Dudes, I live in the midlands but I might come along to this if it takes off ... I like checking out new places.


----------



## FortuneAndFame (Dec 26, 2013)

Lester87 said:


> Would anyone be up for an xscape meet?
> 
> Can go snowboarding in the morning then cinema , restaurants , casino and pubs/clubs in the evening, it has everything.


Sounds awesome, I like the sounds of snowboarding (never tried it though :/) and the casino...


----------



## twitchy666 (Apr 21, 2013)

*OK*

My time is generally free

conference dating


----------



## LiamTheHornet (Nov 13, 2013)

So this is still happening?? Do you have to be 21 for clubs in London?


----------



## LydeaCharlotteGirl (Aug 27, 2013)

LiamTheHornet said:


> So this is still happening?? Do you have to be 21 for clubs in London?


AFAIK no at least in most places, why? Though it's years since I went to one.


----------



## bluecrime (Jan 27, 2013)

Anyone still interested in this?


----------



## xRoh (Mar 21, 2014)

Grrr everything's in the south. 

I'm in South Yorkshire so it would be quite a trip. T~T


----------



## andy2791 (Mar 25, 2014)

I'm from Brighton. Does anyone live near me and interested to meet up


----------



## bridiecuz94 (Nov 10, 2013)

andy2791 said:


> I'm from Brighton. Does anyone live near me and interested to meet up


I'm from Brighton


----------



## andy2791 (Mar 25, 2014)

bridiecuz94 said:


> I'm from Brighton


 Would you be interested to meet up


----------



## Persephone The Dread (Aug 28, 2010)

TicklemeRingo said:


> I lived in the south west for a while when I was a little kid. Can I come?
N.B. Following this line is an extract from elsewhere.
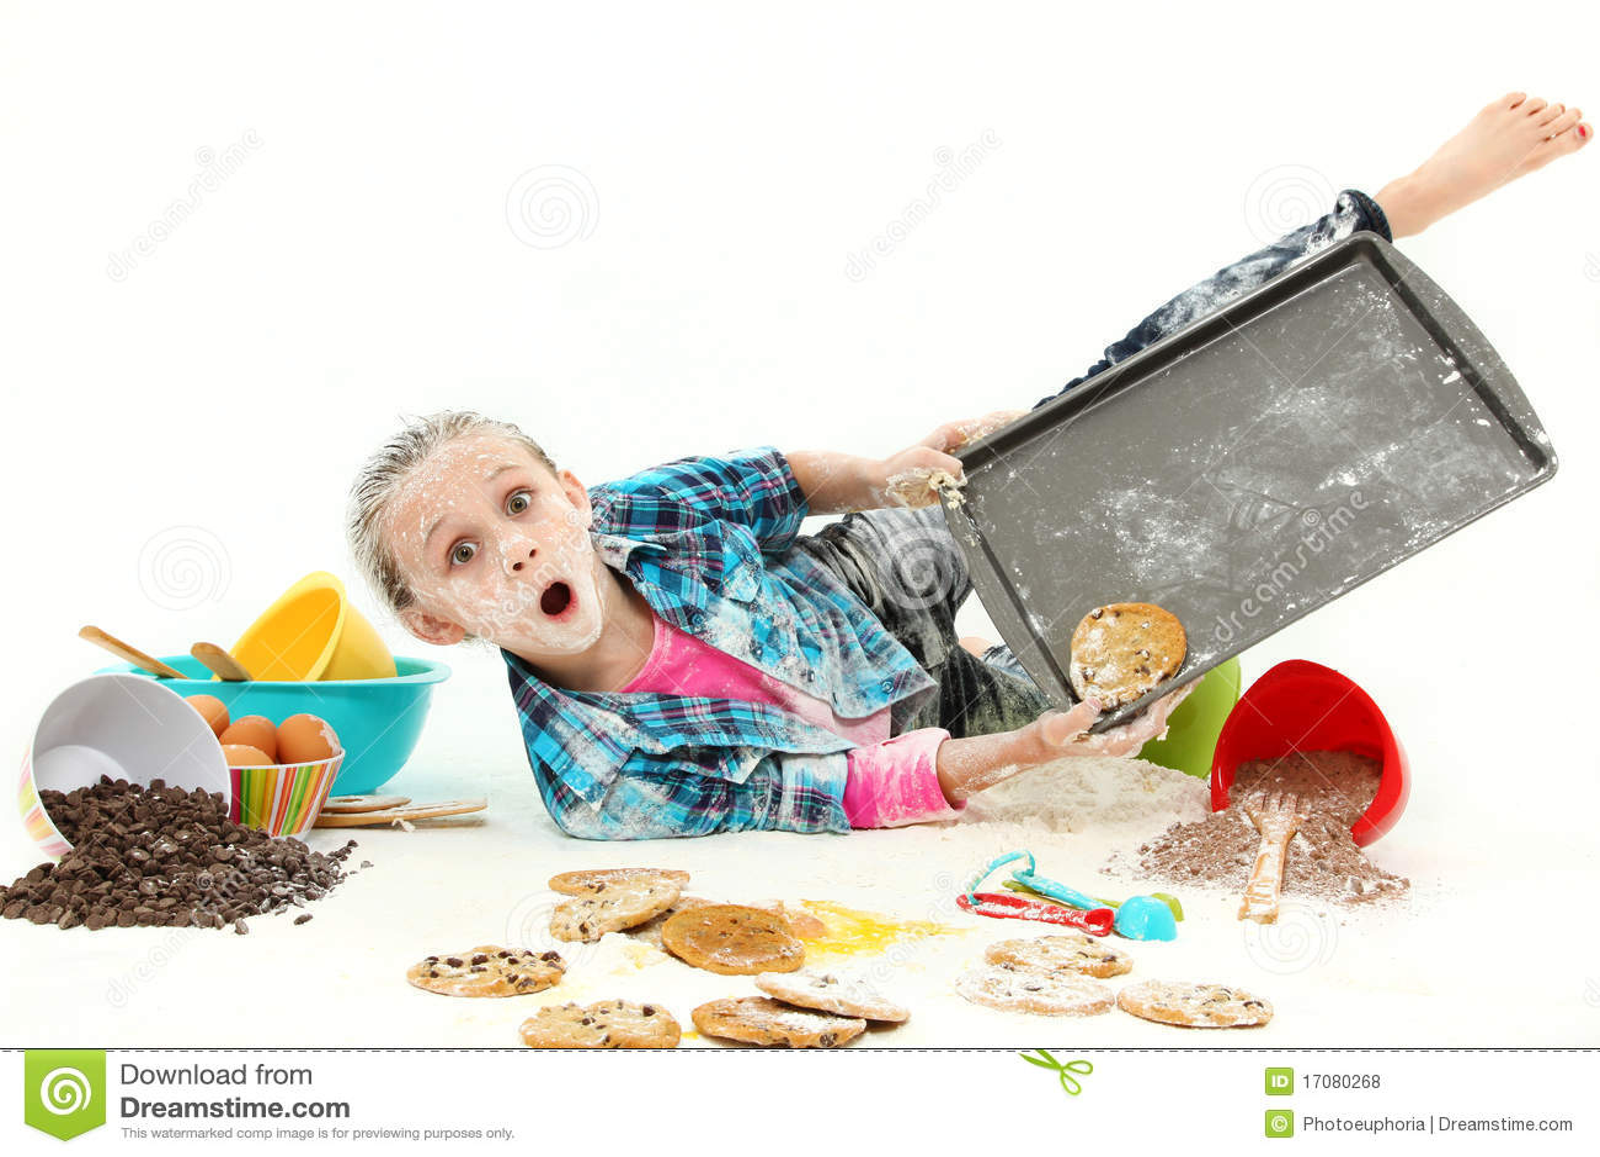 Child Baking Cookies Mess Royalty Free Stock Photos

Even if you lived there now, probably not without a hotel. The public transport in that area isn't great (at least if you live much further west than Somerset.) Though getting to London is probably all right but it would still take some time.


----------



## villadb (Dec 30, 2012)

I don't know if there is a rule about plugging other sites but there is a UK forum for SA and that is pretty good at organising meet ups all around the country. Might be worth some of you having a look, if you haven't already.
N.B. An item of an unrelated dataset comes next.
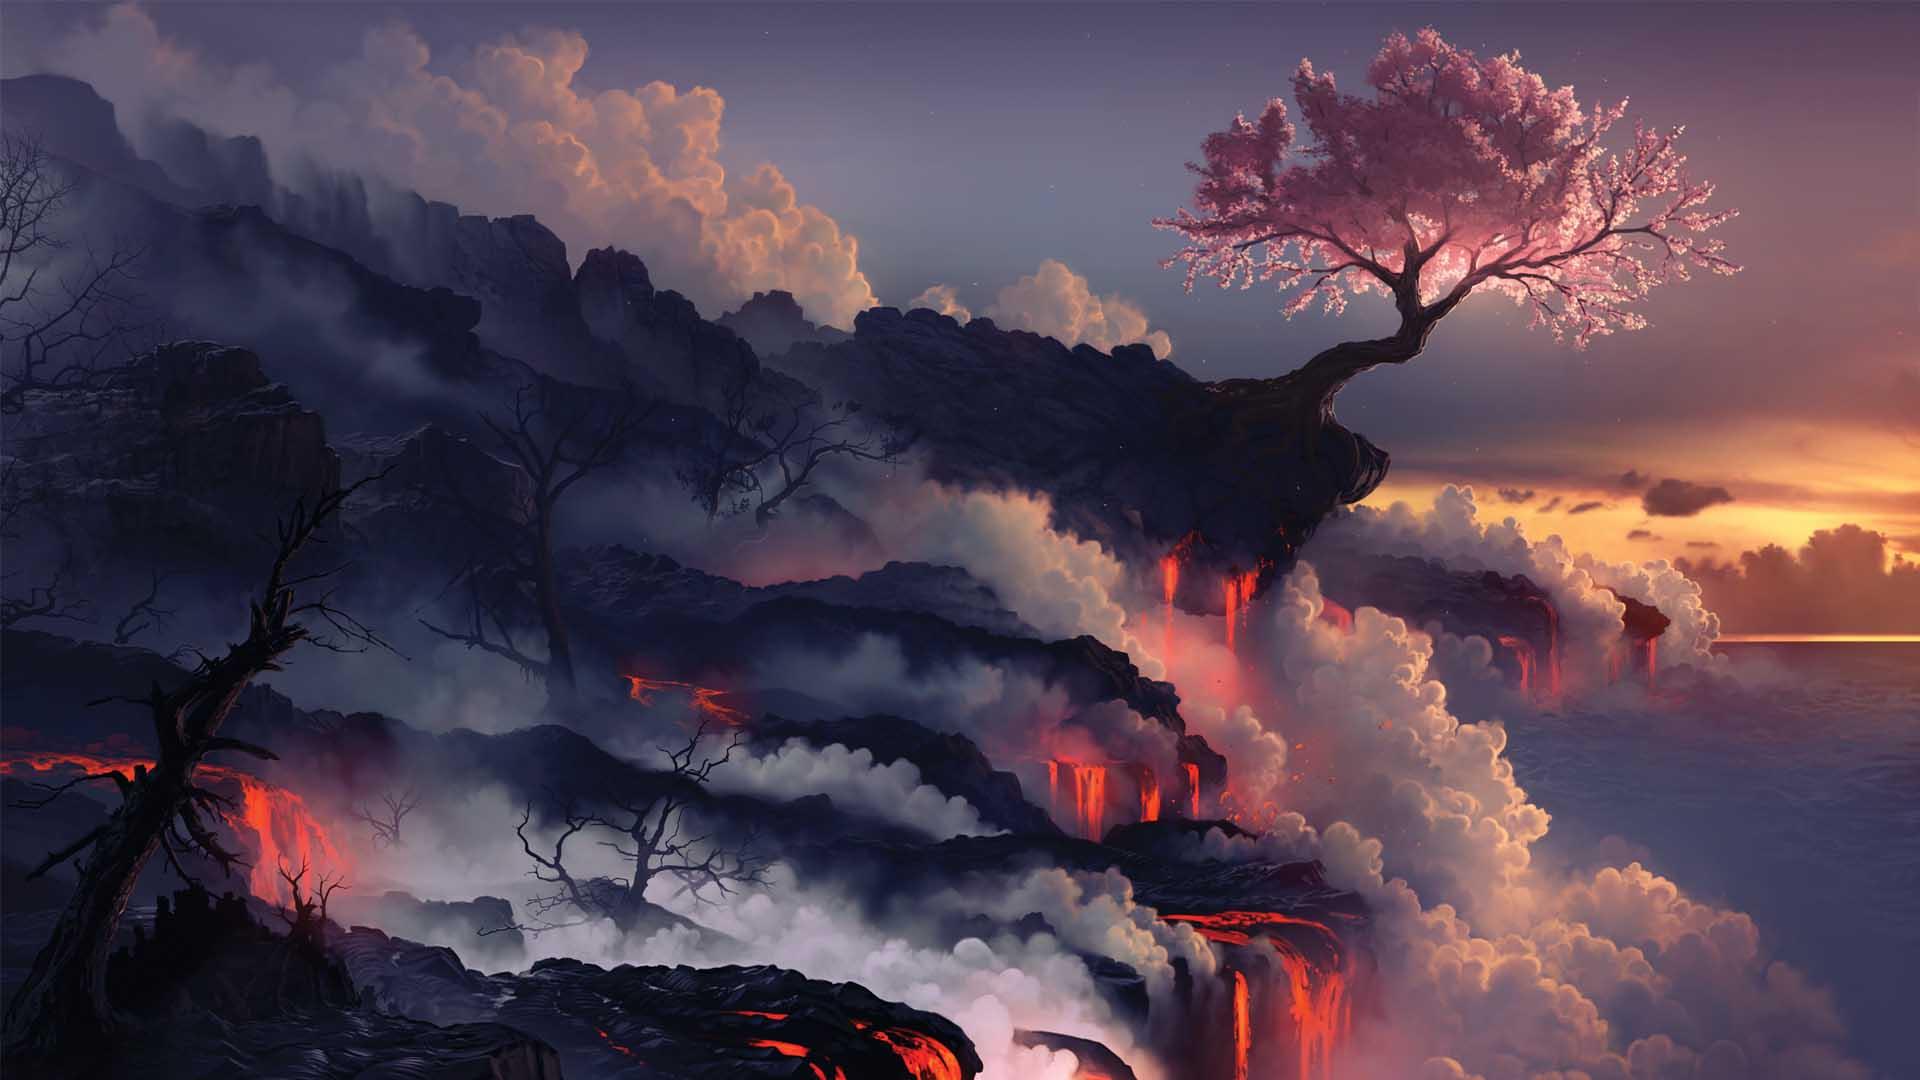 Vibrant Background Wallpaper 35764   Baltana 1920x1080

http://www.social-anxiety-community.org/db/forumdisplay.php?f=18


----------



## LydeaCharlotteGirl (Aug 27, 2013)

^Yes I already mentioned that earlier, just did'nt link to it.  
I hav'nt really seen them for years, but SAUK people are generally very nice offline. Their forum is just very different to SAS, perhaps some would like it. Anyway, there's an annual SAUK picnic in London in July, which has attracted people even from Scotland. Another idea would be a SAS picnic in August, obviously ages away.


----------